An IVA relieves pressure on an individual and provides them with a method of structuring their debts and repayment obligations. Other benefits are that an IVA binds creditors into an agreement, such that they cannot chase payment for IVA debts during the term of the IVA.

 

Whilst an IVA is in place, the debtor will make regular payments to the supervisor who will then declare dividends to the IVA creditors. The terms of an IVA are often such that a debtor will end up paying less than their total outstanding debts because the creditors agree to accept a reduced sum.

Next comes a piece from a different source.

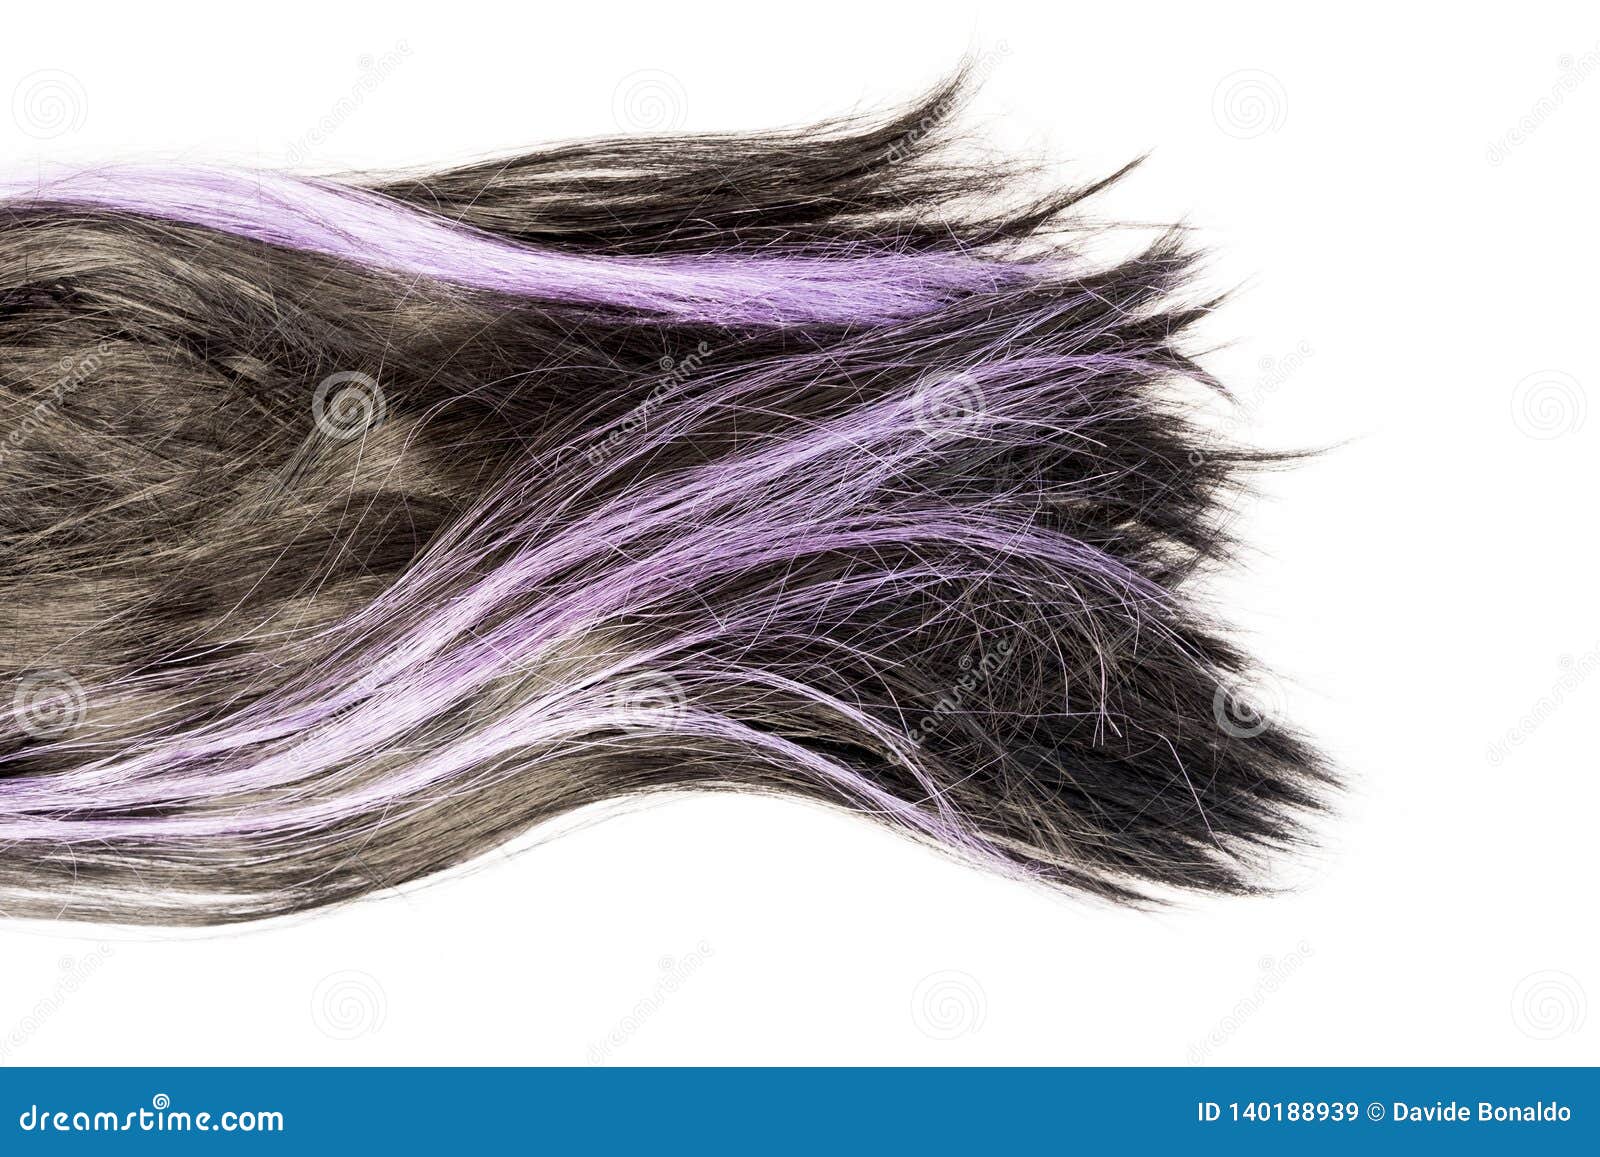 Dark Black And Purple Hair On White Background Stock Image Image

An IVA is not necessarily right for everyone. Given the fees associated with entering into an IVA, it may only be a commercial option for debtors with larger debts. It is also worth noting that certain debts cannot be included within an IVA – for example, secured debts such as mortgages usually have to be repaid notwithstanding the existence of an IVA.

 

IVAs can last a long time, often up to five years, with further extensions after this date. If you are expecting to receive money in the near future, for example, an inheritance or pension withdrawal, you will need to consider whether those payments are caught by the terms of the IVA and are required to be paid into the IVA.

 

IVAs are publicly recorded on the Individual Insolvency Register, like bankruptcies. This option may not therefore be right for a debtor who wishes to pay their debts privately.

A debtor must fulfil specific criteria to enter into an IVA. For example, they need excess monthly income to be able to make the IVA payments. If a debtor cannot make meaningful payments, their creditors are unlikely to agree to an IVA.

IVAs can cover a wide range of debts, including loans, credit cards, overdrafts and outstanding bills.

 

Secured debts such as mortgage or rent arrears may be included in an IVA if a creditor agrees, however, usually, creditors will not agree to give up the benefit of their security.

 

The following debts will not be included in an IVA:

 

  • Child maintenance or court-ordered maintenance arrears
  • Student loans
  • Magistrates’ Court fines
  • Social Fund loans
  • TV licence arrears.

We suggest that a debtor takes independent professional advice to determine whether or not an IVA is appropriate for them.

 

Initially, an IP will be a nominee for the debtor’s IVA proposal. Once the IVA has been approved by the debtor’s creditors, the IP will become the supervisor of the IVA and, in doing so, will be required to supervise the debtor’s implementation and compliance with the terms of their IVA.

An IVA is approved by creditors holding 75% or more of the debt by value, provided less than half of the total value of creditors who are not associates of the debtor vote against it (rule 15.34(6), IR 2016).

 

The vote must be taken using a creditors’ decision procedure set out in the Insolvency Act 1986. If the IVA is approved, it:

 

  • Takes effect as if made by the debtor at the time the creditors decided to approve the proposal.
  • Binds every person who, in accordance with the IR 2016, was entitled to vote in the creditors’ decision procedure approving the proposal (or would have been so entitled if they had received notice of the decision procedure).

A creditor can challenge an IVA if they feel that their interests have been unfairly prejudiced or if there were material irregularities relating to the creditors’ decision procedure. If a challenge is successful, then a court can revoke or suspend an IVA.

An IVA will impact the debtor’s credit rating, which means that they may find it hard to get credit while the agreement is in place.

 

Creditors can check whether you have an IVA by searching the Individual Insolvency Register. Your IVA will usually stay on the Register until three months after it has ended.

 

If you want to apply for more than £500 of credit, you also need written permission from the supervisor unless the credit is for utility bills.

Each IVA will set out the terms upon which it will be completed or terminated. An IVA usually lasts between three and six years and can come to an end if there has been a breach of the terms, if it has come to a premature end or it has been satisfactorily completed in line with its terms.